Нет ничего удивительного в том, что дочери Луизы, воспитанные в таком духе, предпочитали синагоге Вестминстерское аббатство. Что еще более необычно, Шарлотта, которая выросла в гораздо более ортодоксальной атмосфере во Франкфурте, скорее всего, испытывала те же склонности. Письма к ее сыну Лео показывают, что она часто посещала нееврейские церковные службы и учреждения. Она не видела причин, по которым не могла не принимать участия в делах англиканской церкви в качестве землевладелицы.
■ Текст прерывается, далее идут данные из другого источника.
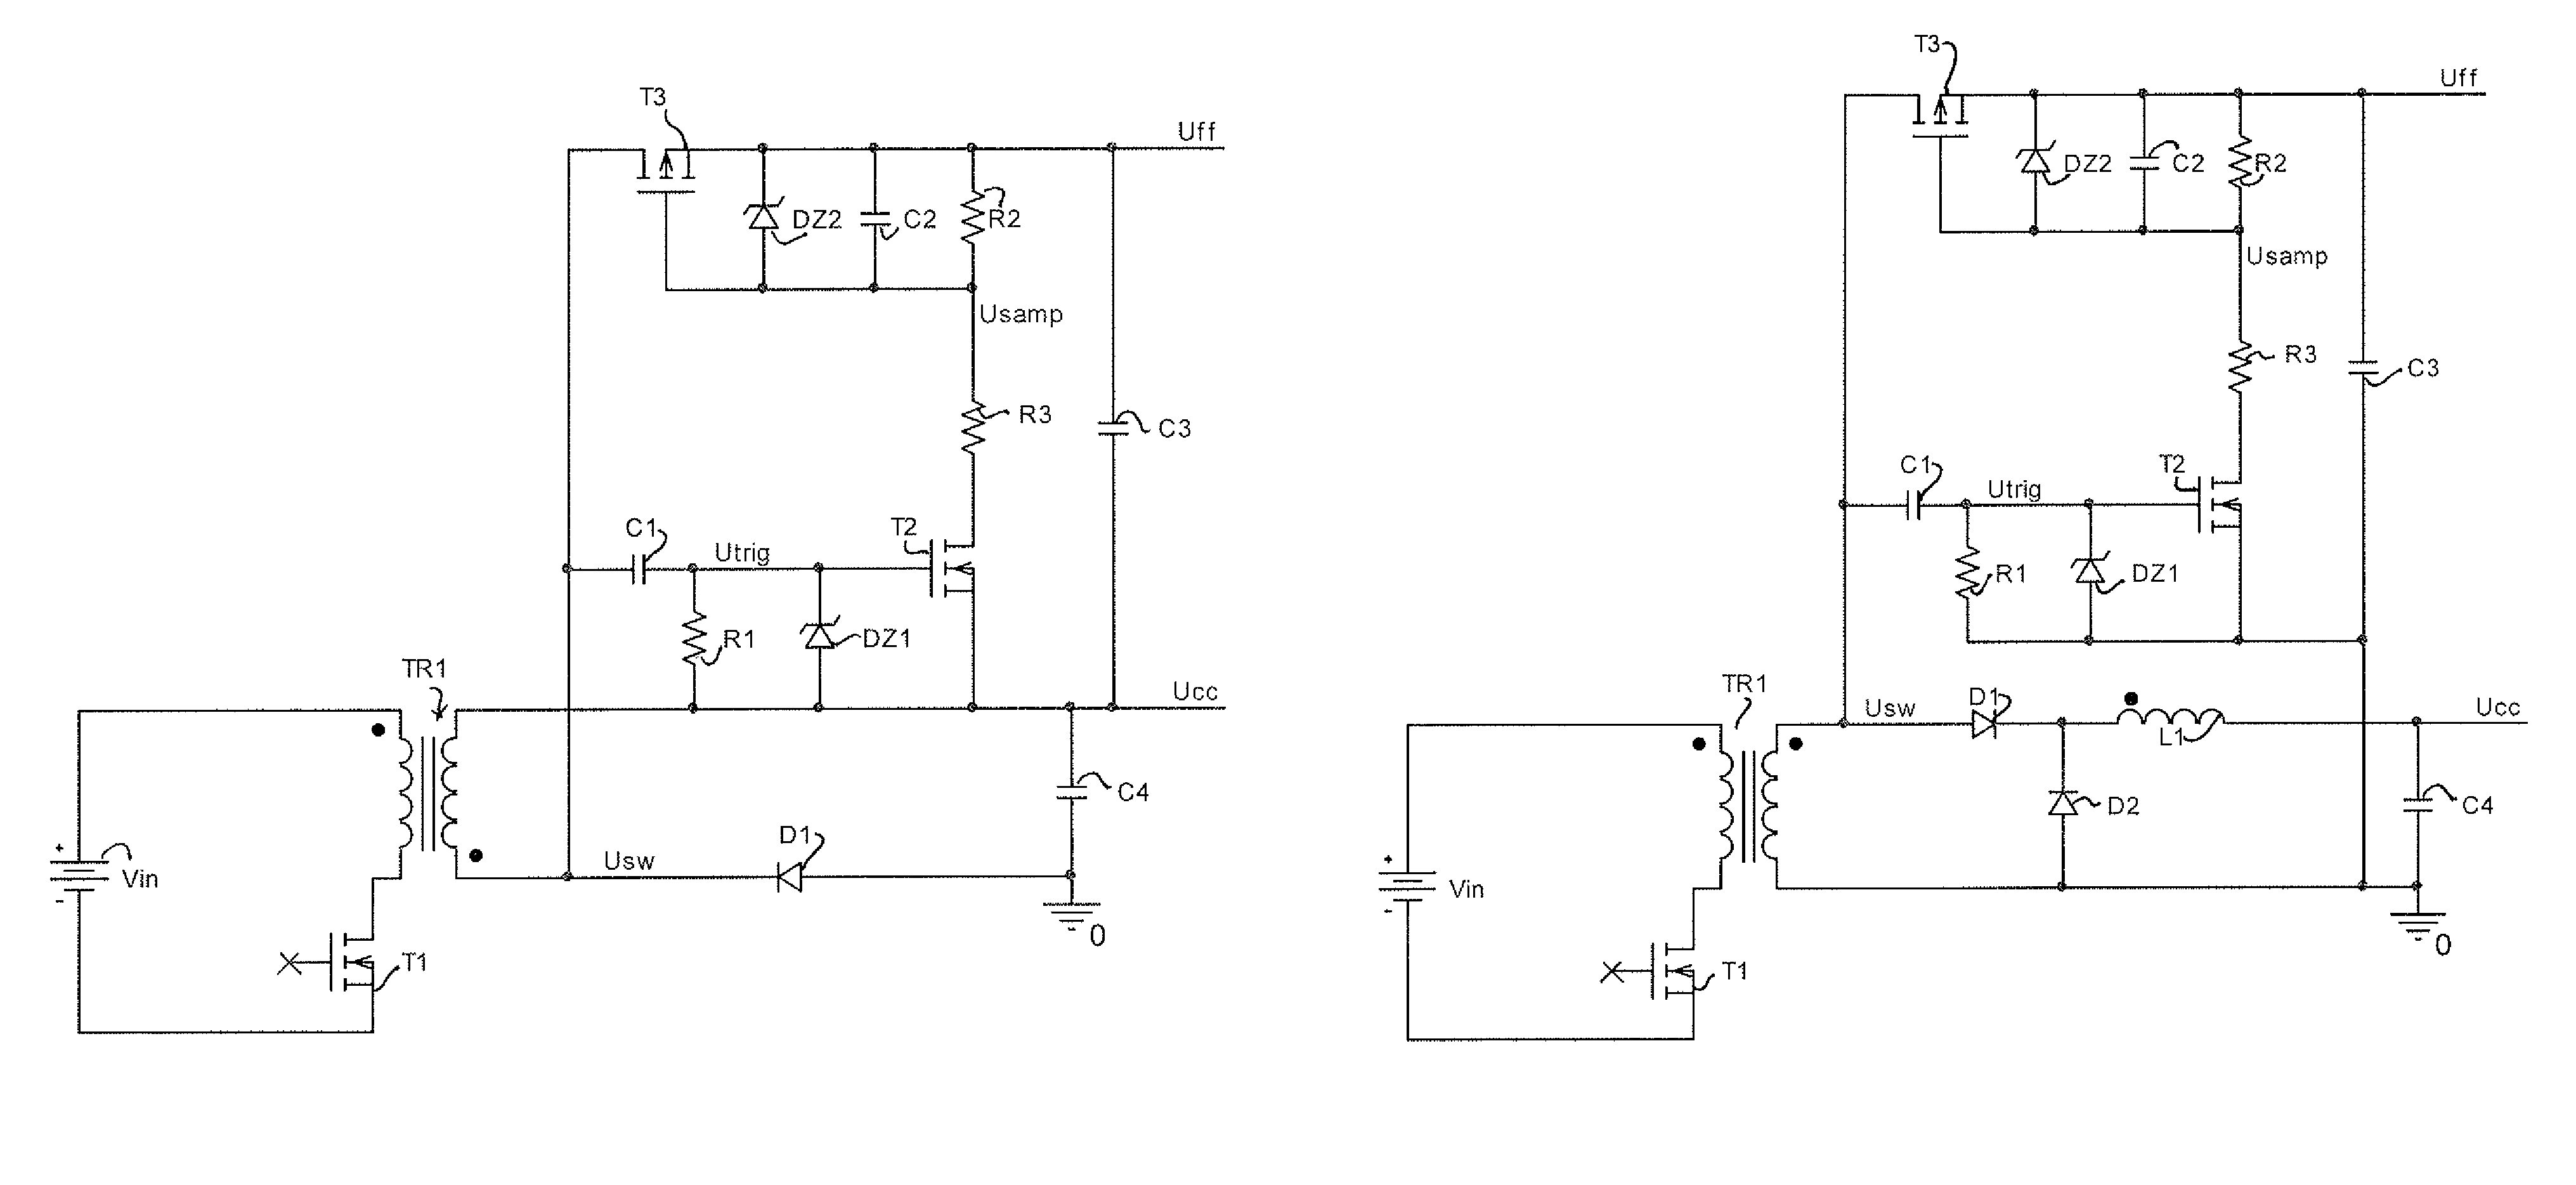 Power converter utilizing a RC circuit to conduct during the rising edge of the transformer voltage
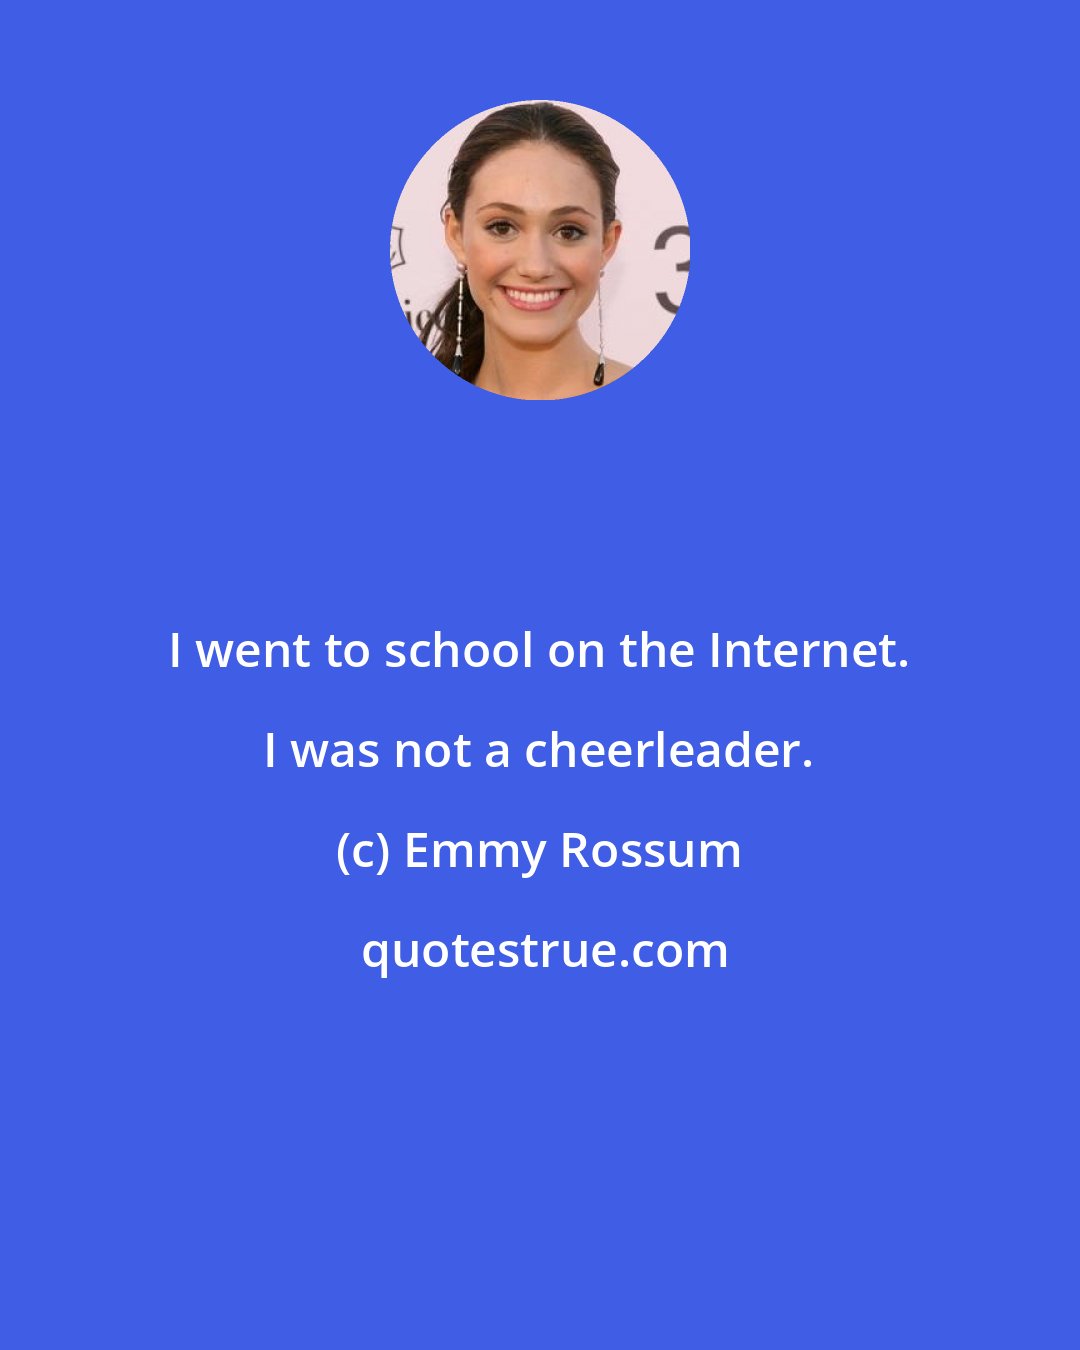 Emmy Rossum: I went to school on the Internet. I was not a cheerleader.

В 1866 г. она присутствовала на проповеди епископа Оксфордского на освящении церкви в Актоне (возле Ганнерсбери), признавшись, что проповедь ее «буквально заворожила», хотя на нее произвела гораздо меньше впечатления проповедь епископа Лондонского по случаю освящения церкви в Илинге. В последнем она была не одинока: жена Майера Юлиана проявляла столь пристальный интерес к делам одного прихода неподалеку от поместья Ментмор, что вынудила приходского священника подать в отставку[9]. Кроме того, Шарлотту привлекал модный мир англокатоликов; она посетила (на протяжении всего одного года) католический базар, освящение Дома сестер-назаретанок архиепископом Мэннингом, службу в часовне кармелиток в Кенсингтоне и еще одну – в Доме сестер милосердия. В каждом случае ее приглашали приятельницы-католички: леди Лотиан и леди Линдхерст.

Шарлотта постоянно сравнивала то, что она видела, с аналогичными иудейскими мероприятиями, и, хотя сравнения не всегда оказывались неблагоприятными по отношению к ее единоверцам, она часто относилась к ним довольно критически. Так, посетив награждение лучших выпускников в «Бесплатной еврейской школе», она была «болезненно поражена контрастом между теми, кто награждал еврейских детей, и прелатами, меценатами, друзьями и гостями, которые присутствовали на сходном мероприятии в [католической] благотворительной организации… Доктор Адлер [возможно, сын главного раввина Германн, первосвященник Бэйсуотерской синагоги], произнеся несколько слов, поспешил прочь, как будто в здании свирепствовала чума, а м-р Грин [раввин А. Л. Грин из Центральной синагоги, также ведавший социальным обеспечением школы] сбежал через боковую дверь, не сказав никому ни слова… Не было ни единого гостя, ни мужчины, ни женщины; большой зал был заставлен пустыми стульями, и мне было так неловко занимать обширное пространство, что я вынуждена была удалиться в угол рядом с классом пения… Что бы ни говорили о коленопреклоненных и показательно-пышных церемониях католиков, их дела, их добрые дела благородны и возвышенны, а среди нас в самом деле не хватает сердечности».